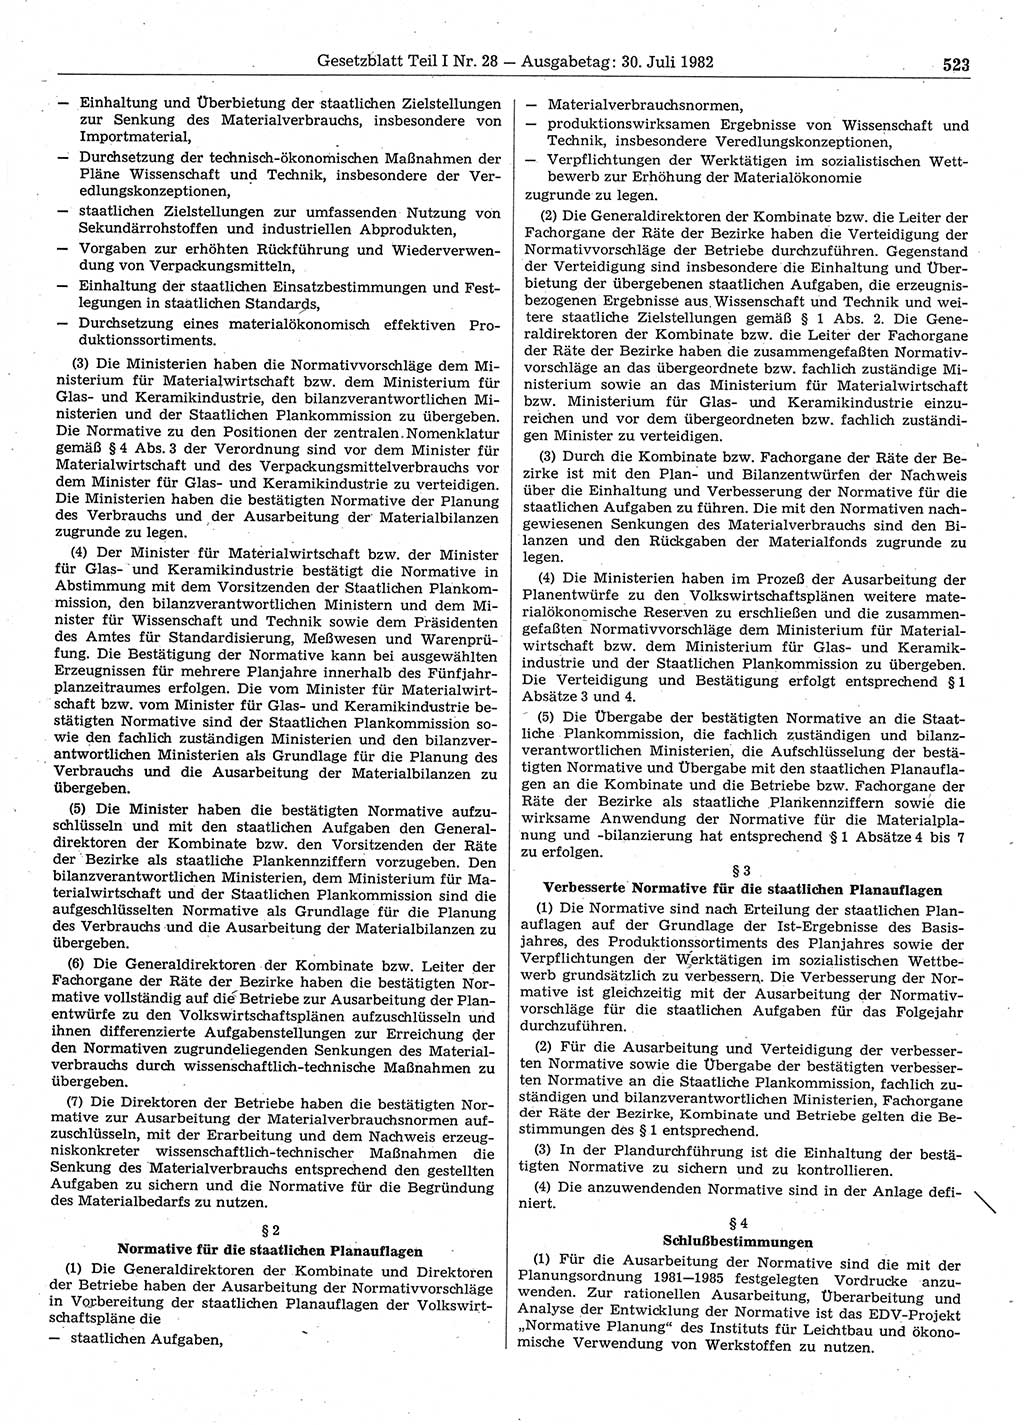 Gesetzblatt (GBl.) der Deutschen Demokratischen Republik (DDR) Teil Ⅰ 1982, Seite 523 (GBl. DDR Ⅰ 1982, S. 523)
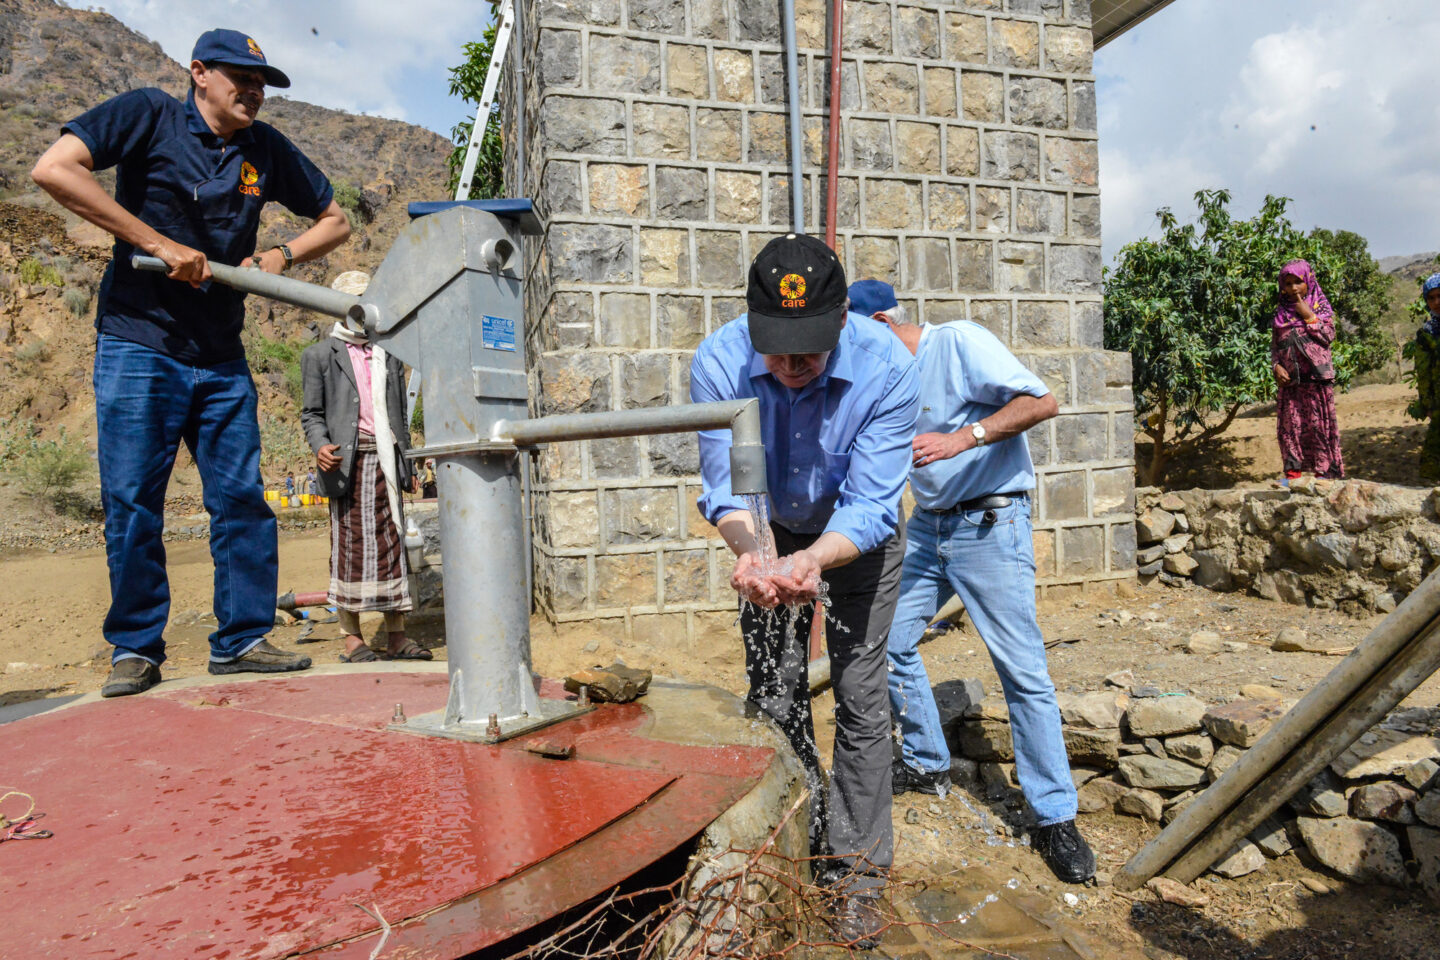 Les équipes de l'association CARE au Yémen entretiennent une source d'eau qu'ils ont construit dans un village au Yémen
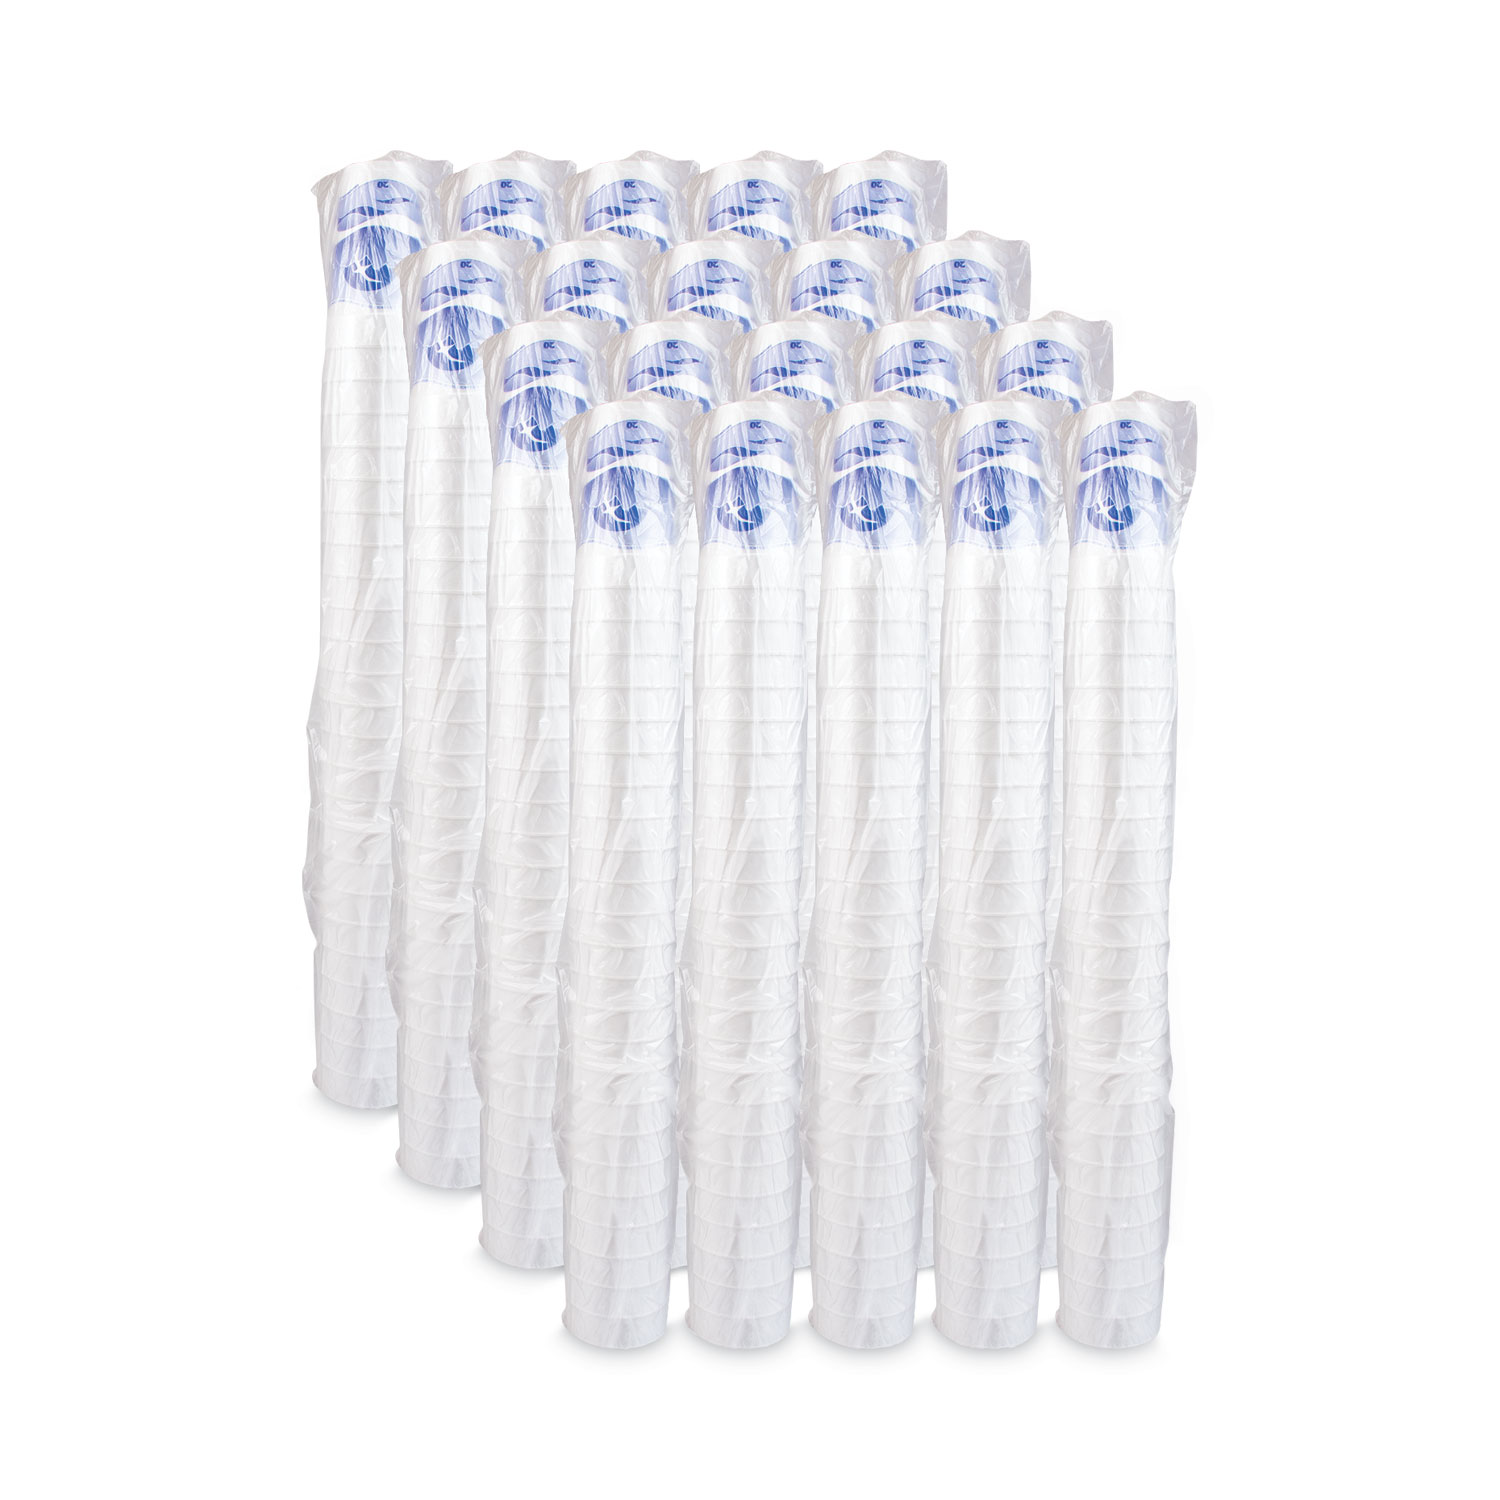 Foam Drink Cups, 12 oz, White, 25/Pack - mastersupplyonline
########################################
### WHAT THIS TASK INVOLVES
Before writing out the material above, please remove its pictures; everything else stays exact.

### SOLUTION FOR THIS PROBLEM
 Gesetzblatt (GBl.) der Deutschen Demokratischen Republik (DDR) Teil Ⅰ 1982, Seite 523 (GBl. DDR Ⅰ 1982, S. 523)
 Les équipes de l'association CARE au Yémen entretiennent une source d'eau qu'ils ont construit dans un village au Yémen
 Foam Drink Cups, 12 oz, White, 25/Pack - mastersupplyonline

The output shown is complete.